A reader, ‘Sceptic’, today posted the above link to an interview on Financial Sense with Puru Saxena. Mr Saxena runs Puru Saxena Wealth Management, an established money management firm based in Hong Kong. Mr Saxena produces the monthlyMoney Matters report, which follows economic, historical and geo-political trends, and explores investment opportunities in unpopular and distressed markets.

It’s a fascinating interview that covers a broad range of areas, including: the outlook for the Chinese economy; commodities markets; and the implications of the Federal Reserve’s quantitative easing (‘money printing’) efforts.

On China, Mr Saxena believes that there will be a pull-back in Chinese economic growth within a few months. He is extremely worried about the euphoria in the Chinese and Hong Kong housing markets, describing both as a “severe and gigantic bubble that is going to end very badly”.

Mr Saxena notes that China’s housing value to GDP is currently around 350% of GDP, which is only slightly below the peak value reached by Japanese real estate (370%) just prior to its collapse in 1990. Similarly, Hong Kong’s housing value to GDP ratio is currently 330%, which is above its peak level reached just prior the Asian Financial Crisis in the mid-1990s.

However, Mr Saxena notes that, unlike their counterparts in the United States, Chinese households are not particularly leveraged. As such, if China’s housing bubble bursts, it is likely to have less impact on household consumption than that experienced in the United States in the wake of its house price collapse.

Nevertheless, Mr Saxena warns that base metals prices (e.g. iron ore – Australia’s biggest export) could collapse following a significant decline in construction activity.
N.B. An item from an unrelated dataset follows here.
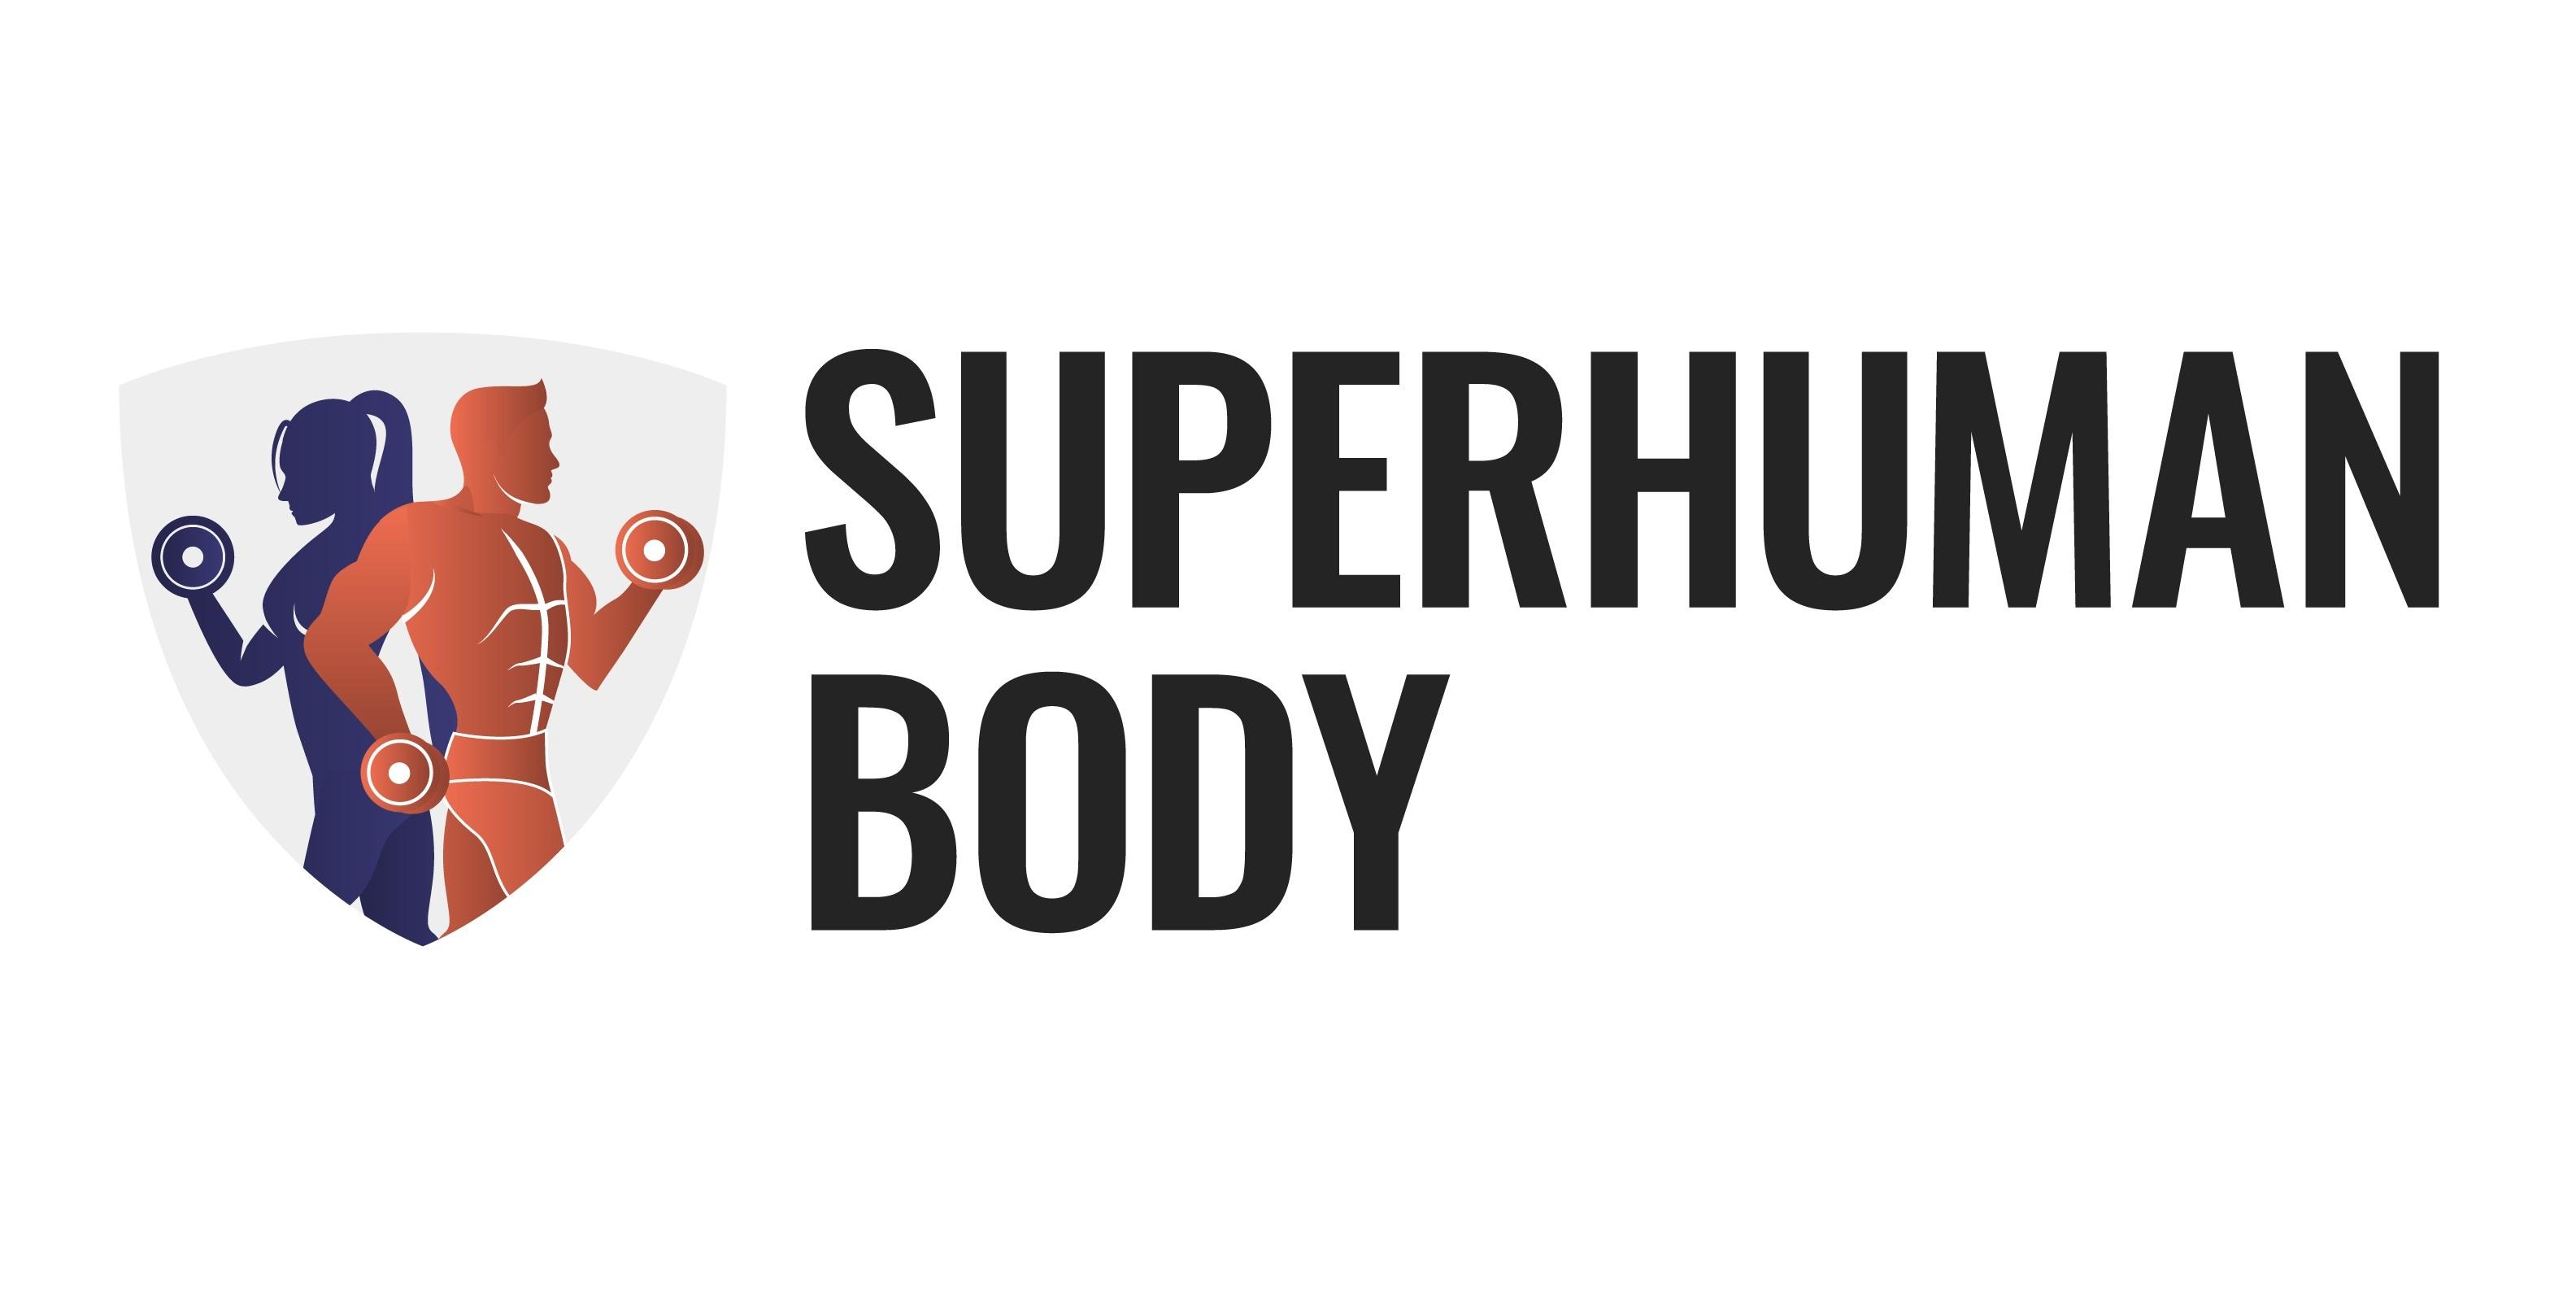 Build Your SuperHuman Body: The MasterClass

Mining companies, most notably BHP, RIO and Vale, would be hit hard, as would the Australian economy. Saxena believes that any slowdown in China would likely prick Australia’s housing bubble, which he claims has reached “absurd levels”.

Mr Saxena also discusses how loose monetary policy and money printing by the world’s central banks is creating all kinds of asset bubbles. However, now that we are getting price inflation in oil and food, central banks will soon have to begin raising interest rates in order to ward off inflation, which will likely collapse asset markets (except US treasuries). He thinks that we will see a repeat of the last crash (the Global Financial Crisis) within two to three years – “equities, commodities, precious metals, everything will collapse”.  

Finally, Mr Saxena believes that energy production is about to enter terminal decline. He, therefore, recommends that investors gain exposure to energy companies, particularly “upstream oil companies, oil services stocks, offshore drilling companies… solar companies, electric car manufactures, battery manufactures, etc”.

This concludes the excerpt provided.